Бектас Ахметов - Чм66 или миллион лет после затмения солнца
Плыл я, не поднимая головы. Понял, что спасся, когда услышал, как кто-то сказал: "Ты что это? Давай руку". Руку протягивал Татарин. Я ухватился за его кисть и выполз на берег. Пацаны выжимали трусы. Нам надо было торопиться в цирк. Доктор велел не опаздывать, представление начиналось в три часа дня.
Прошла неделя, как брат работал униформистом в цирке Шапито.
Циркачи прикатили из Москвы и раскинулись шатром на пустыре у
Соснового парка. Доктор пришел в парк менять марки из альбомов
Валентины Алексеевны. Тут то и подошел носатый дядечка, попросил показать коллекцию.
Носатому марки понравились. Он оказался клоуном. Доктор обрадовался и подарил клоуну все марки Шефа, и оказался в униформистах.
Младшие пацаны ходили без билета только днем, старших Доктор проводил и на вечерние представления. Дневная программа победнее вечерней: фокусник выступал только вечером. В цирке интересней всех фокусник и велофигуристы. Побывал на полной программе всего раз и ждал случая с кем-нибудь из взрослых снова сходить в цирк вечером.
В ожидании подходящего случая я прыгал на панцирной кровати в детской и кричал: "На манеже велофигуристы Мицкие!" Я хлопал за зрителей и на арену выезжали Мицкие. С задранными кверху рулями велофигуристы, выбросив в обе стороны руки, крутили невидимые педали и улыбались ослепительно накрашенными глазами.
Фокусника не получалось изобразить. За ним не уследишь.
Доктор долго уговаривал родителей сходить в цирк.

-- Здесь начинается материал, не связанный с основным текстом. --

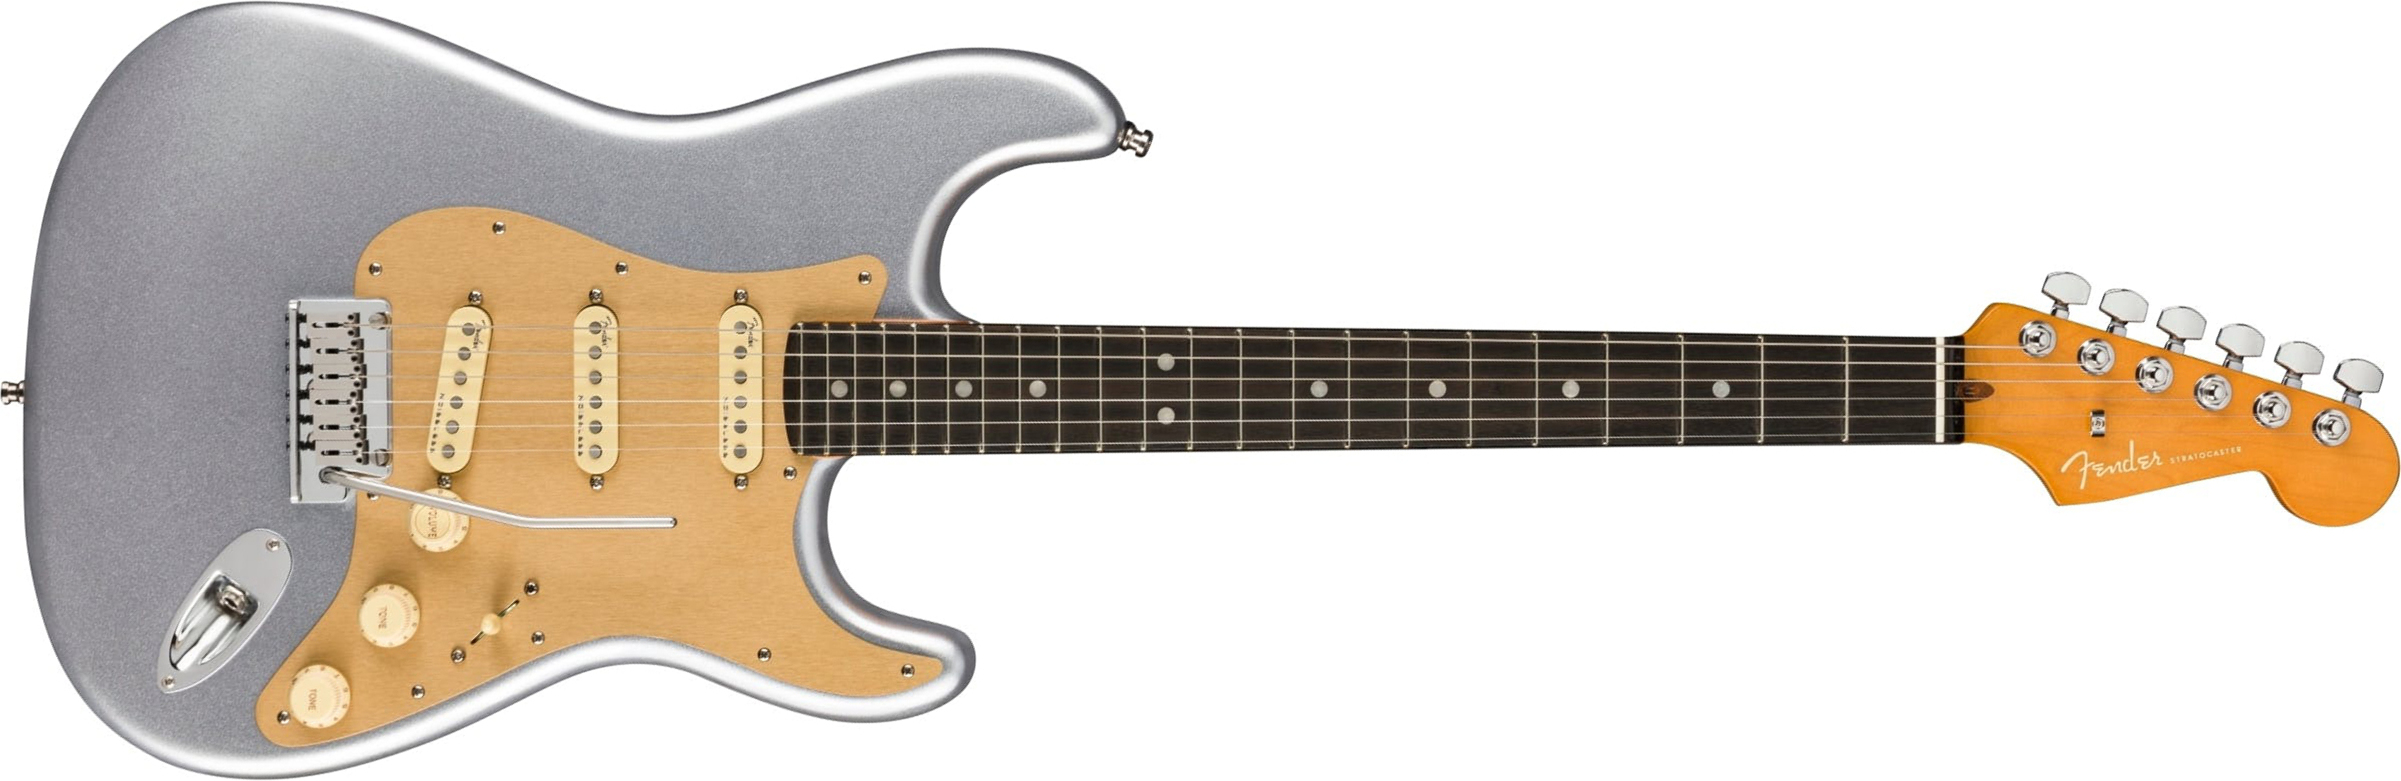 Fender Strat American Ultra Ltd Usa 3s Trem Eb - Quicksilver - Str shape electric guitar - Main picture

Отец с матушкой мало, что знали о цирке вообще, но, подумав, решили, что для них же спокойнее, если Доктор последние школьные каникулы проведет под присмотром взрослых. Когда же Доктор позвал их в цирк, артачилась больше мама. Она фыркала: "Шайтанын ойын".

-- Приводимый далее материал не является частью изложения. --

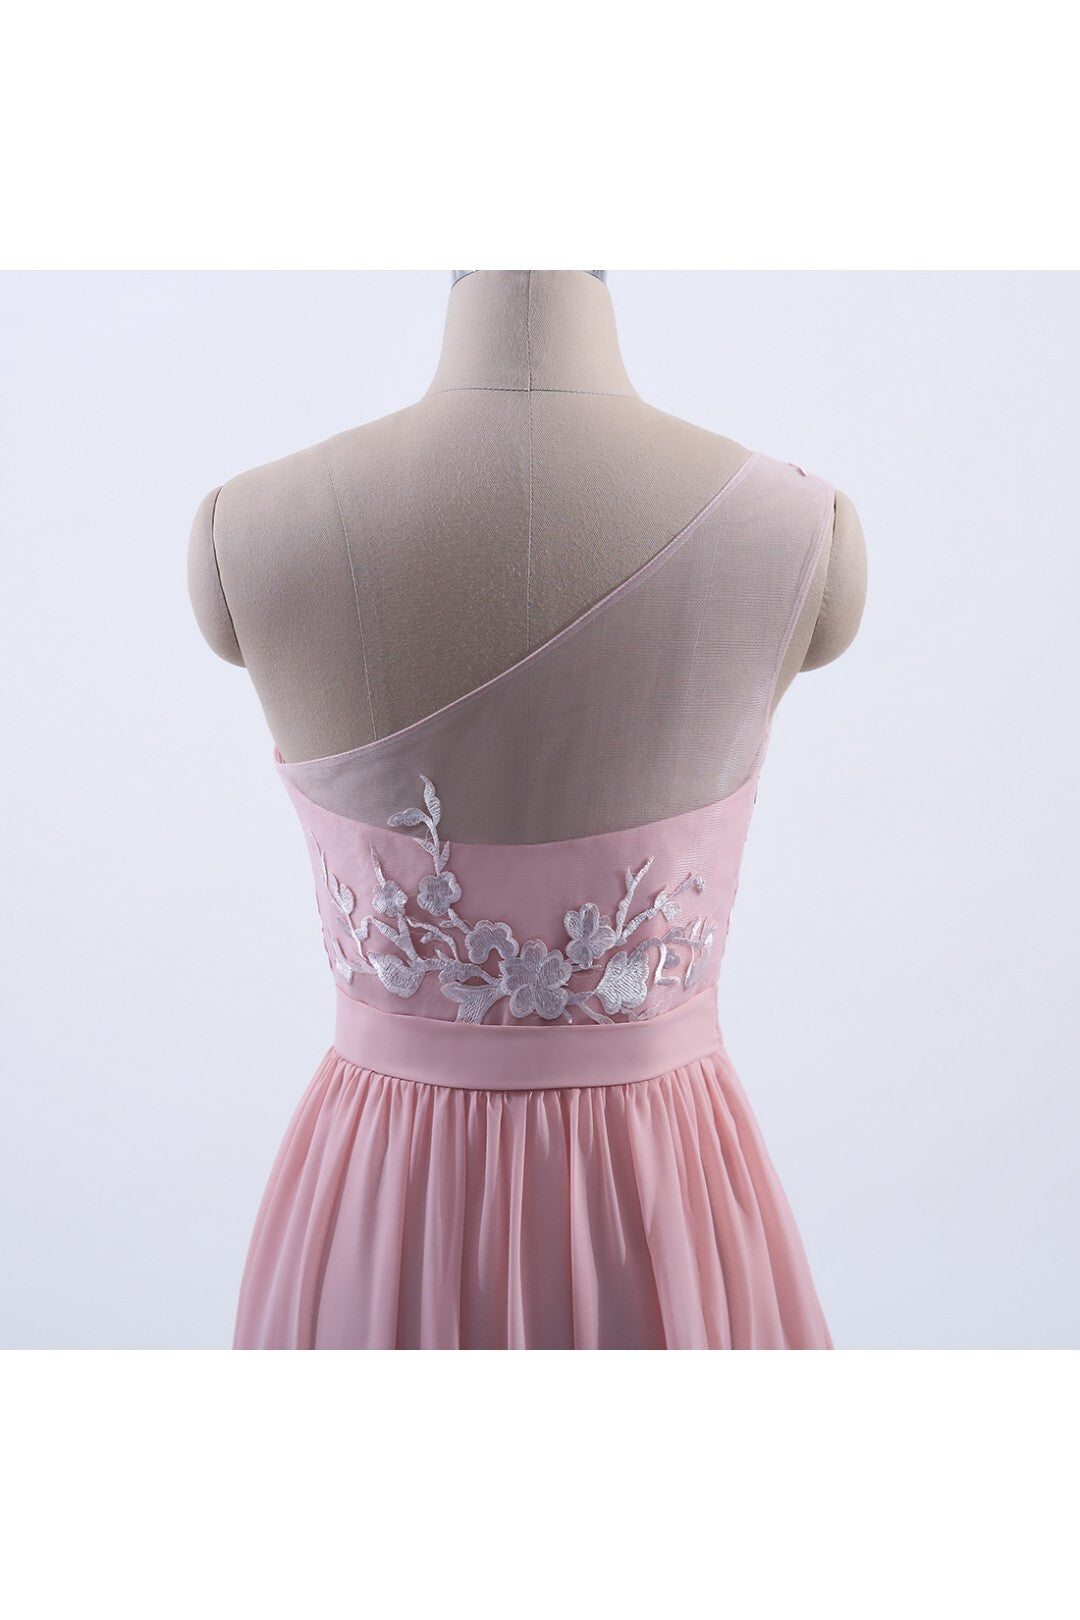 Pink One Shoulder Chiffon A-line Appliques Long Bridesmaid Dress

Первым делом брат повел родителей знакомить с Эмилем Билляуэром, носатым клоуном. Билляуэр уверял папу с мамой в широкой своей известности по стране. А что приехал в Алма-Ату, так это так, для денег. Вообще же на лето он собирался с другим составом на гастроли в Румынию. Но в поездке по Казахстану обещали заплатить больше. Вот он и не устоял.
Билляуэр похвалил Доктора. Как похвалили брата канатоходцы
Тереховы и велофигуристы Мицкие. То, как не могли нарадоваться на
Доктора артисты, почему-то насторожило отца. Он нахмурился. Мама на казахском проворчала. Что, мол, это не работа – убирать мусор за столь легкомысленнвми людьми.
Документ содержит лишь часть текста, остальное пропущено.